### Exercise description:
Reproduce the full listing below unchanged, apart from the pictures.

### Data below:
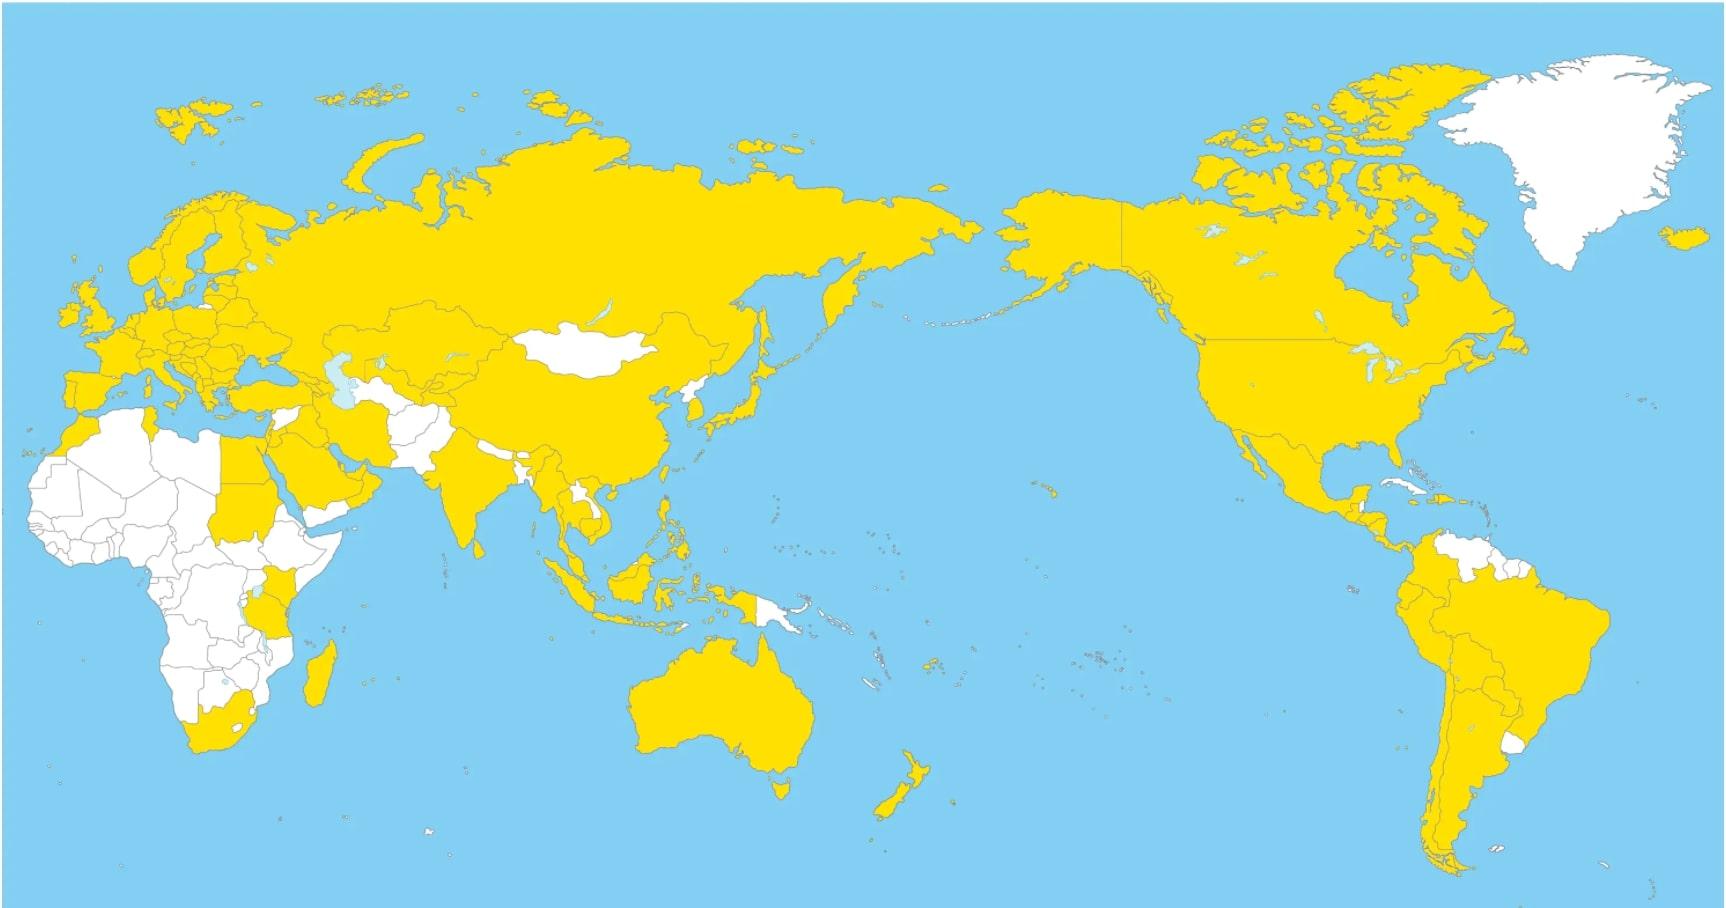 POCKETALK(ポケトーク)のグローバル通信とは?
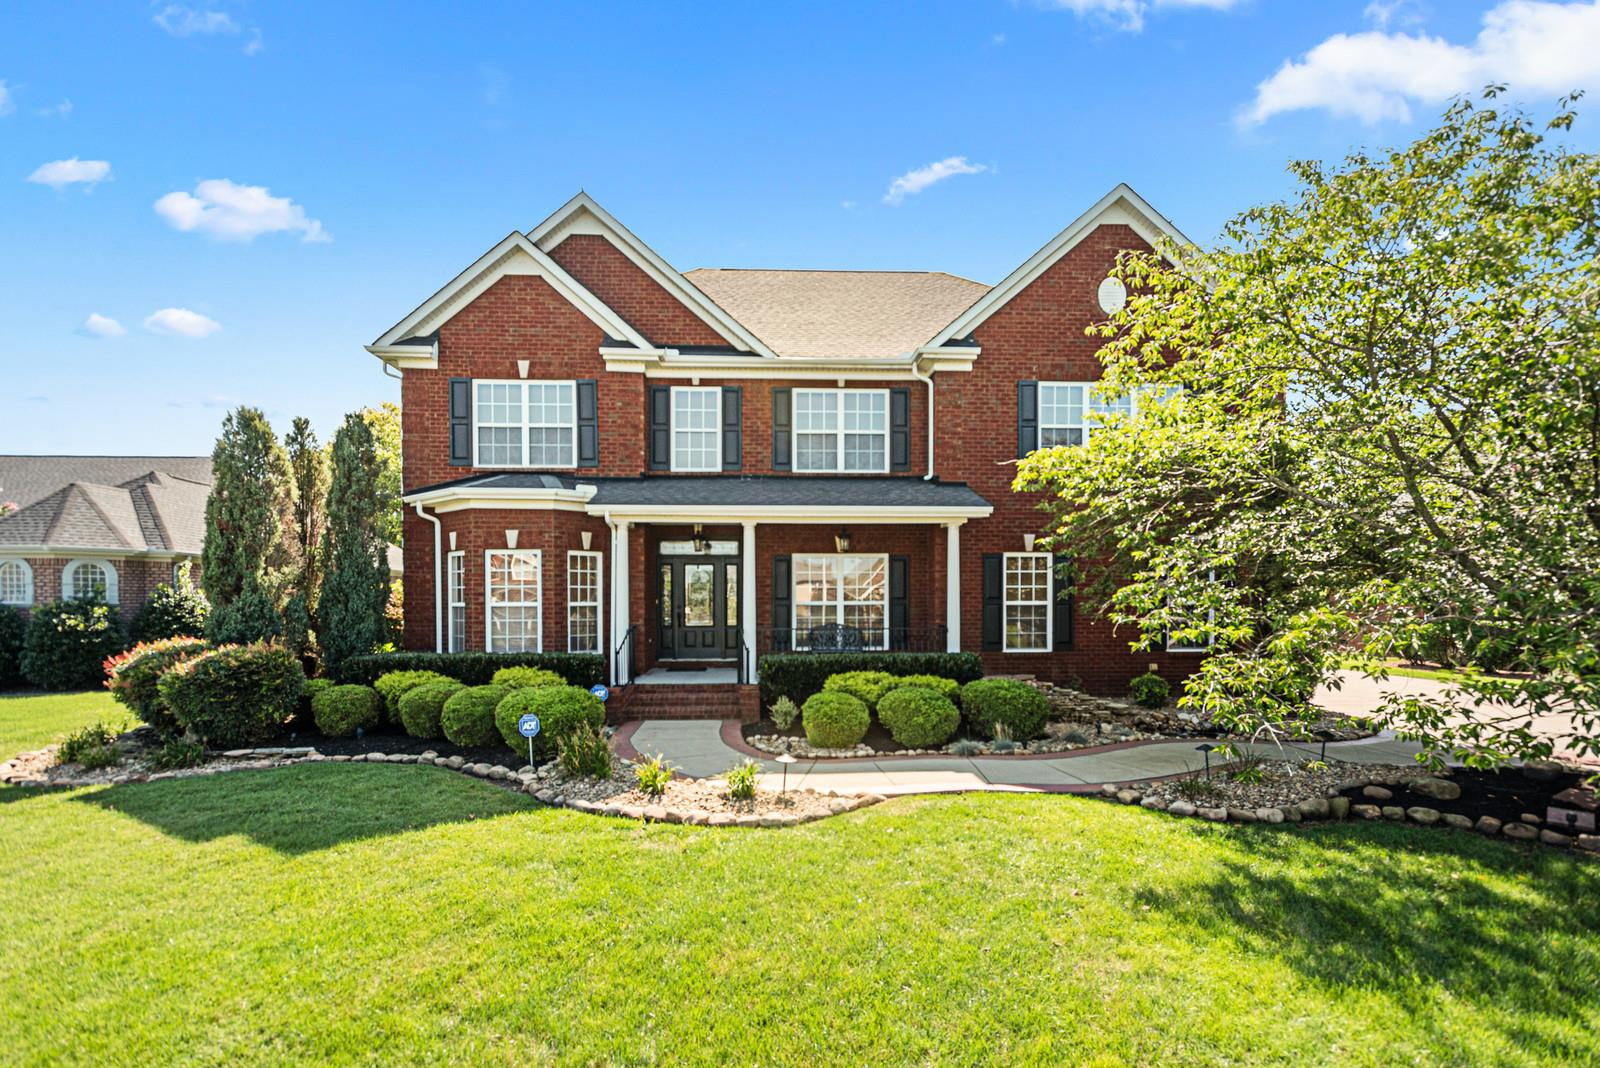 2644 Jim Houston Ct, Murfreesboro, TN 37129 - Murfreesboro, TN real estate listing
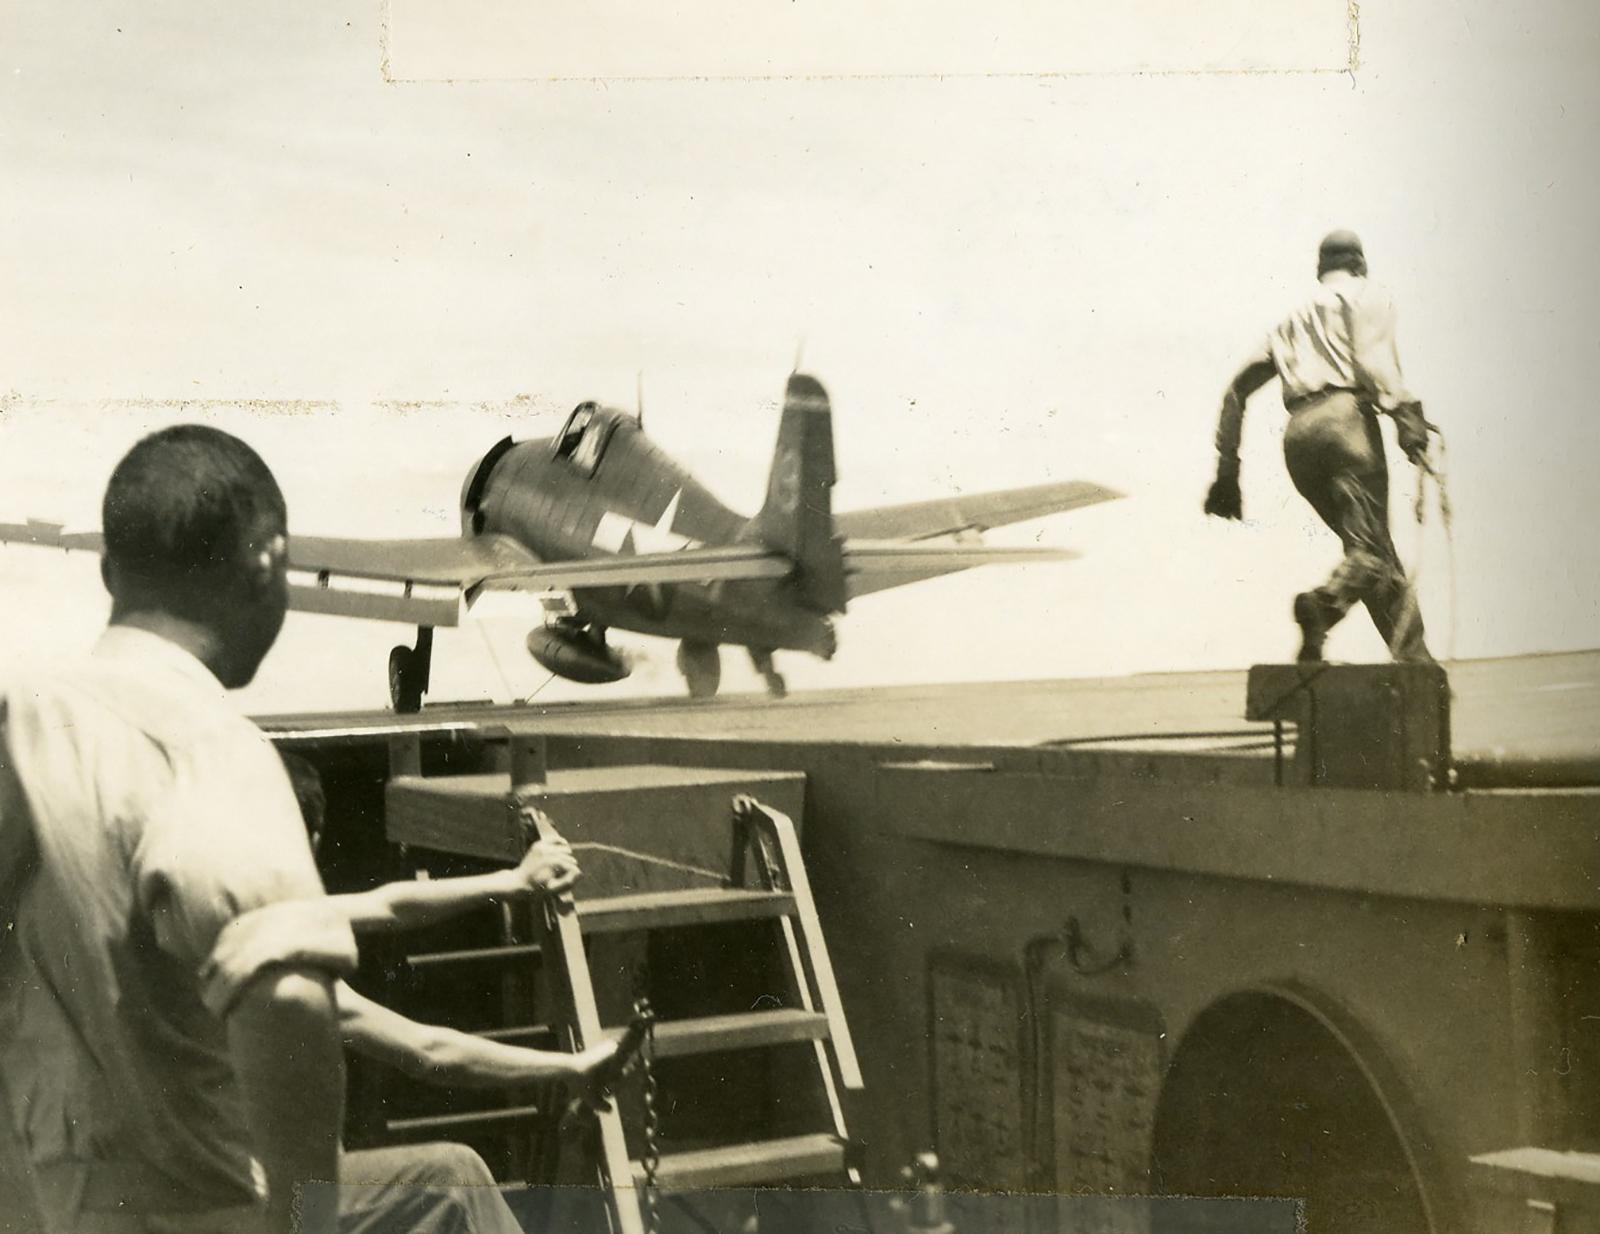 Grumman F6F 3 Hellcat GAG 15 White 19 CVL 27 USS Langley April 1944 01
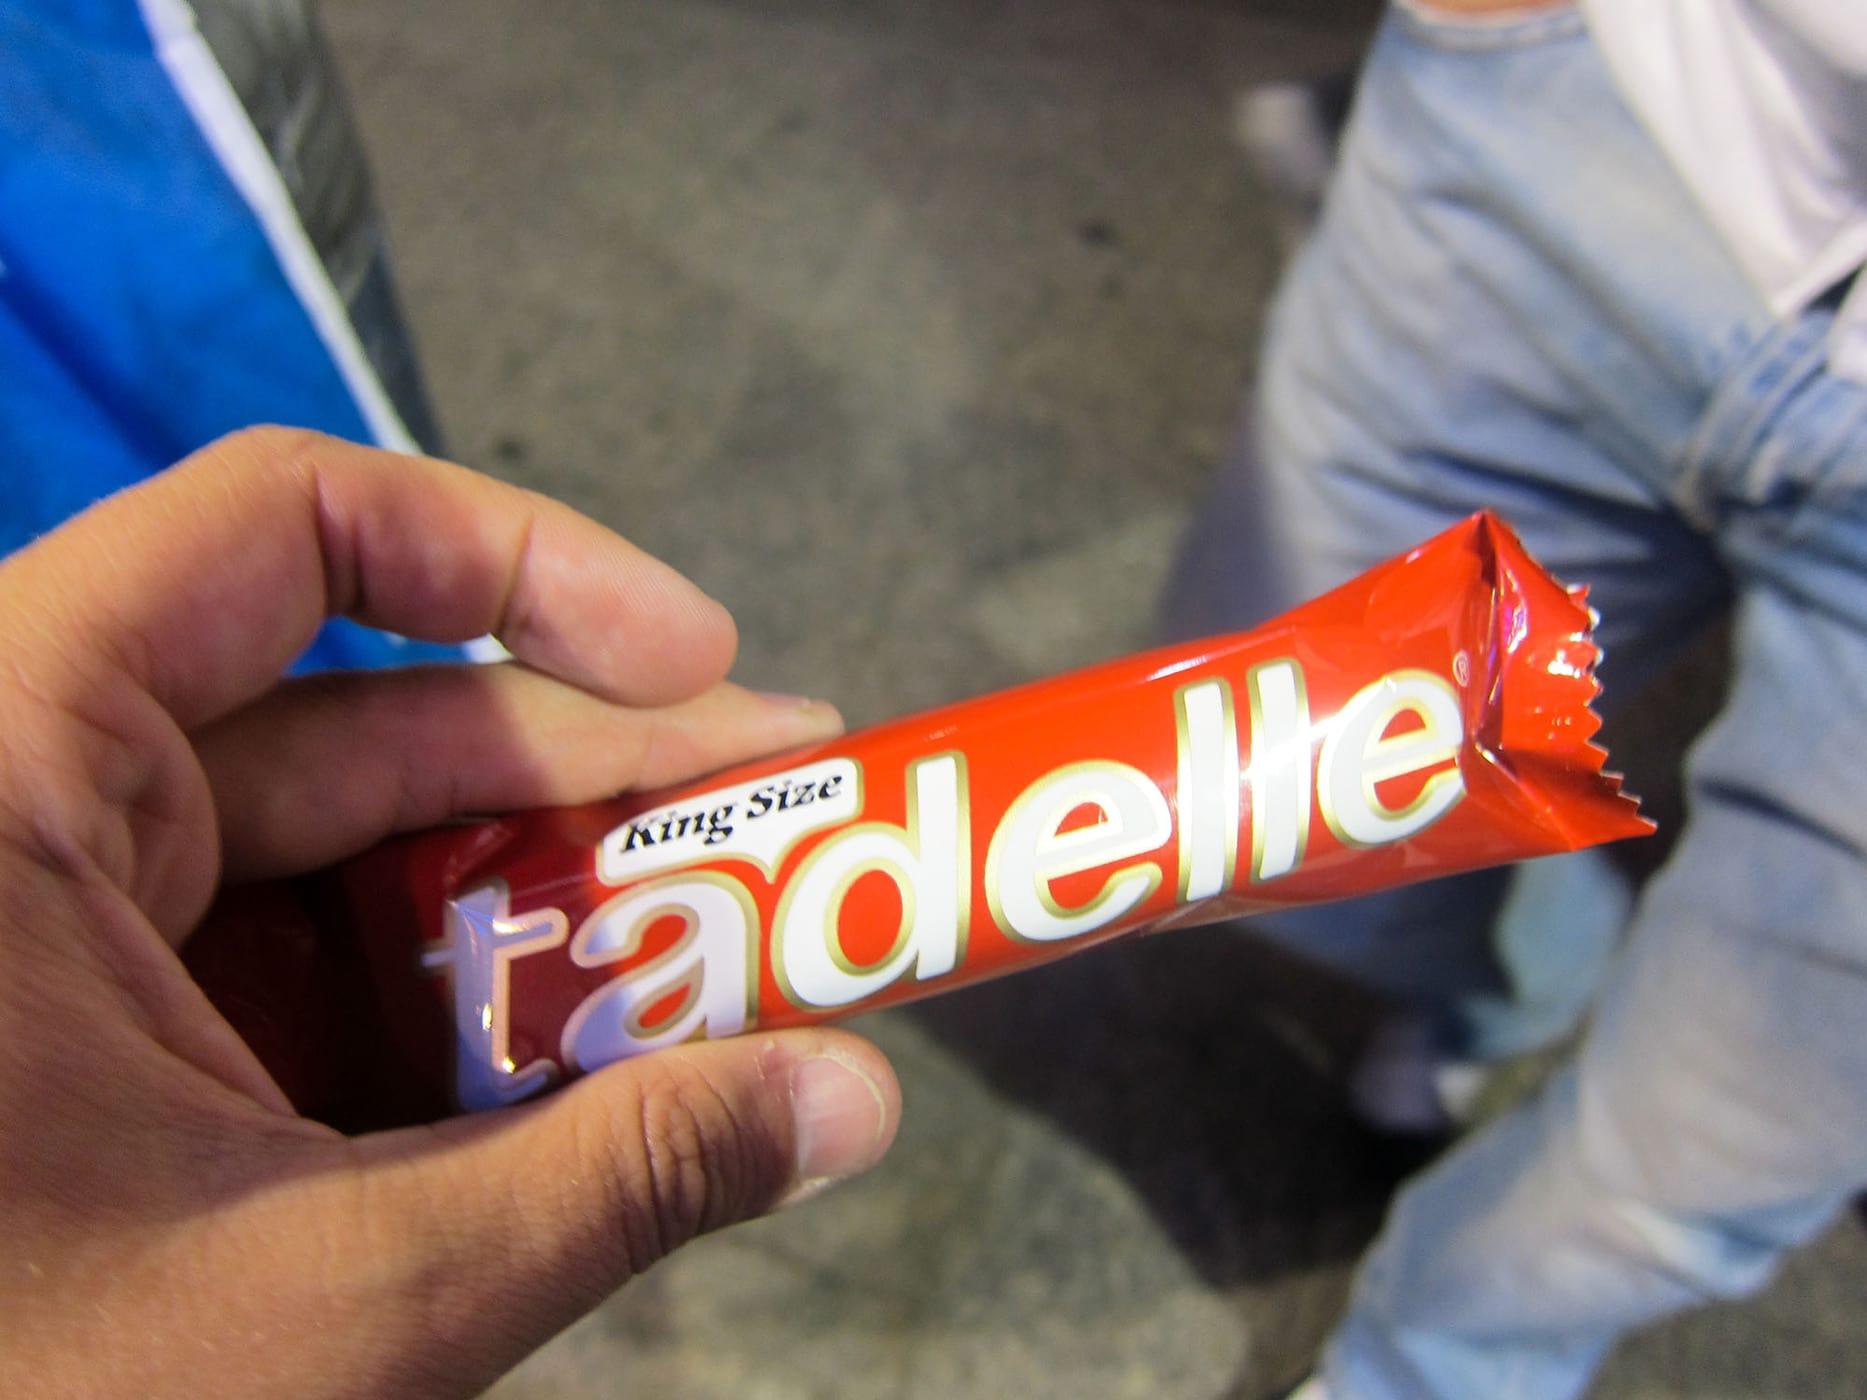 Tadelle candy bar in Istanbul, Turkey

### Written answer:
 POCKETALK(ポケトーク)のグローバル通信とは?
 2644 Jim Houston Ct, Murfreesboro, TN 37129 - Murfreesboro, TN real estate listing
 Grumman F6F 3 Hellcat GAG 15 White 19 CVL 27 USS Langley April 1944 01
 Tadelle candy bar in Istanbul, Turkey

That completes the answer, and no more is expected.